On Complexity And Goodness
While browsing around on Amazon.com for more books to read on simplicity/complexity, the pleasant memory of reading Dan Ward’s terrific little book, “The Simplicity Cycle“, somehow popped into my head. Since it has been 10 years since I read it, I decided to dig it up and re-read it.
In his little gem, Dan explores the relationships between complexity, goodness, and time. He starts out by showing this little graph, and then he spends the rest of the book eloquently explaining movements through the complexity-goodness space.
First things first. Let’s look at Mr. Ward’s parsimonious definitions of system complexity and goodness:
Complexity: Consisting of interconnected parts. Lots of interconnected parts equal high degree of complexity. Few interconnected parts equal a low degree of complexity.
Goodness: Operational functionality or utility or understandability or design maturity or beauty.

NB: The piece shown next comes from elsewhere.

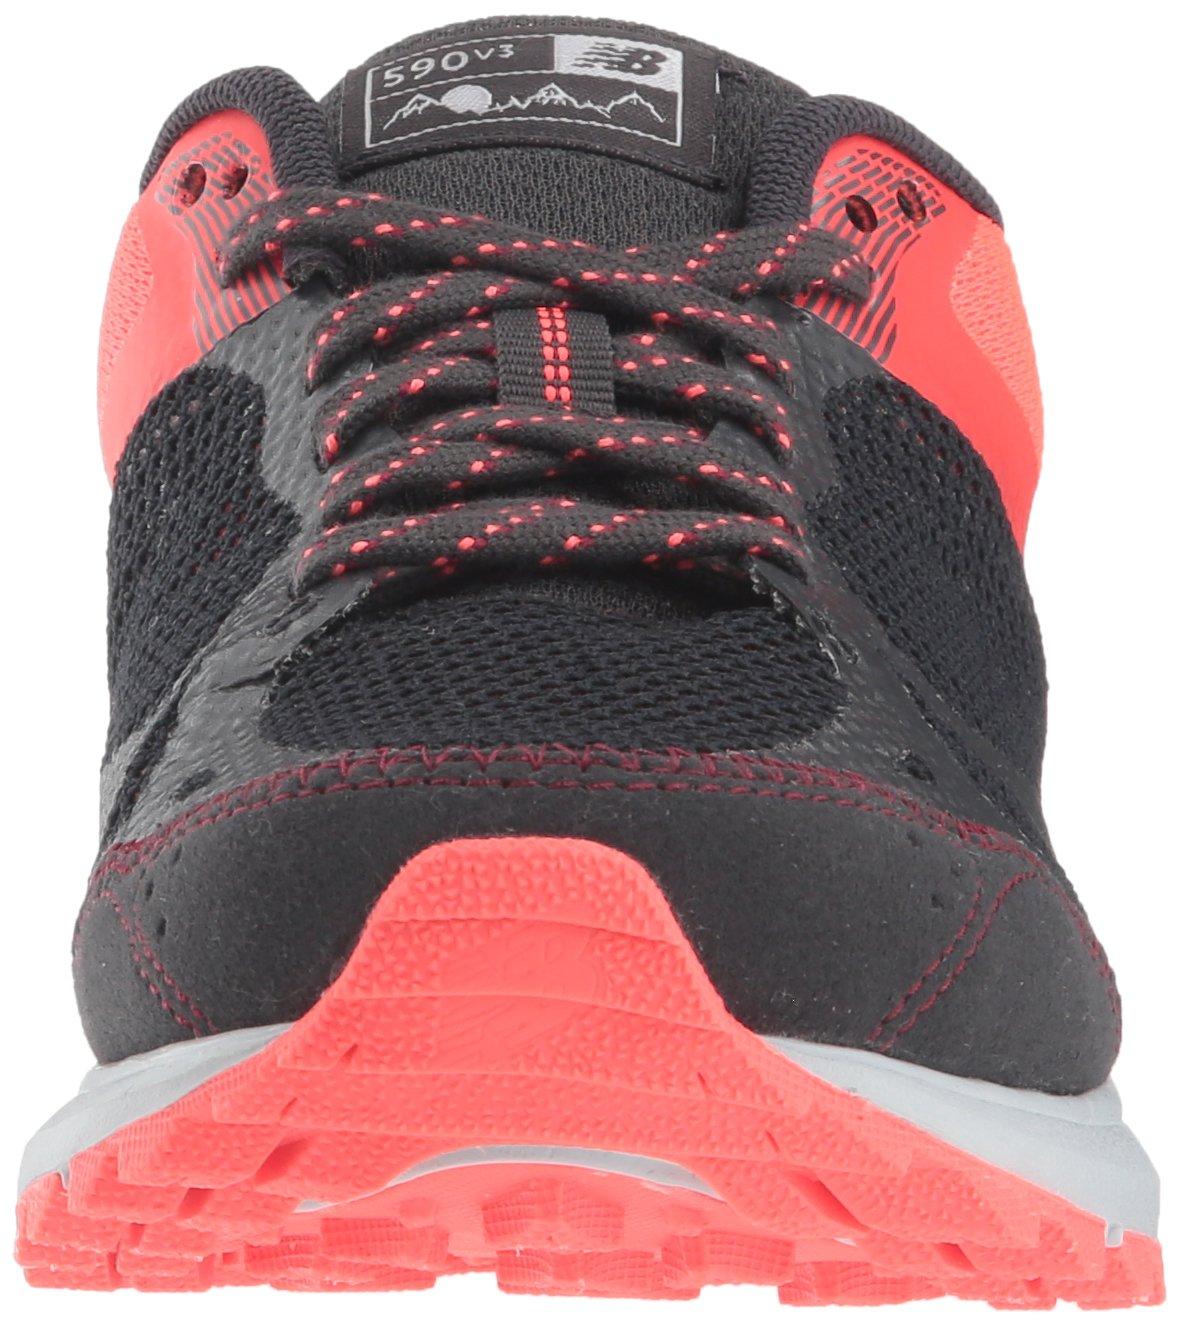 New Balance Women's 590v3 Running Shoe B077MHZ8YQ 10 D US|Black/Pink

Granted, these definitions are just about as abstract as we can imagine, but (always) remember that context is everything:
The number 100 is intrinsically neither large nor small. 100 interconnected parts is a lot if we’re talking about a pencil sharpener, but few if we’re talking about a jet aircraft. – Dan Ward
When we start designing a system, we have no parts, no complexity (save for that in our heads), no goodness. Thus, we begin our effort close to the origin in the complexity-goodness space.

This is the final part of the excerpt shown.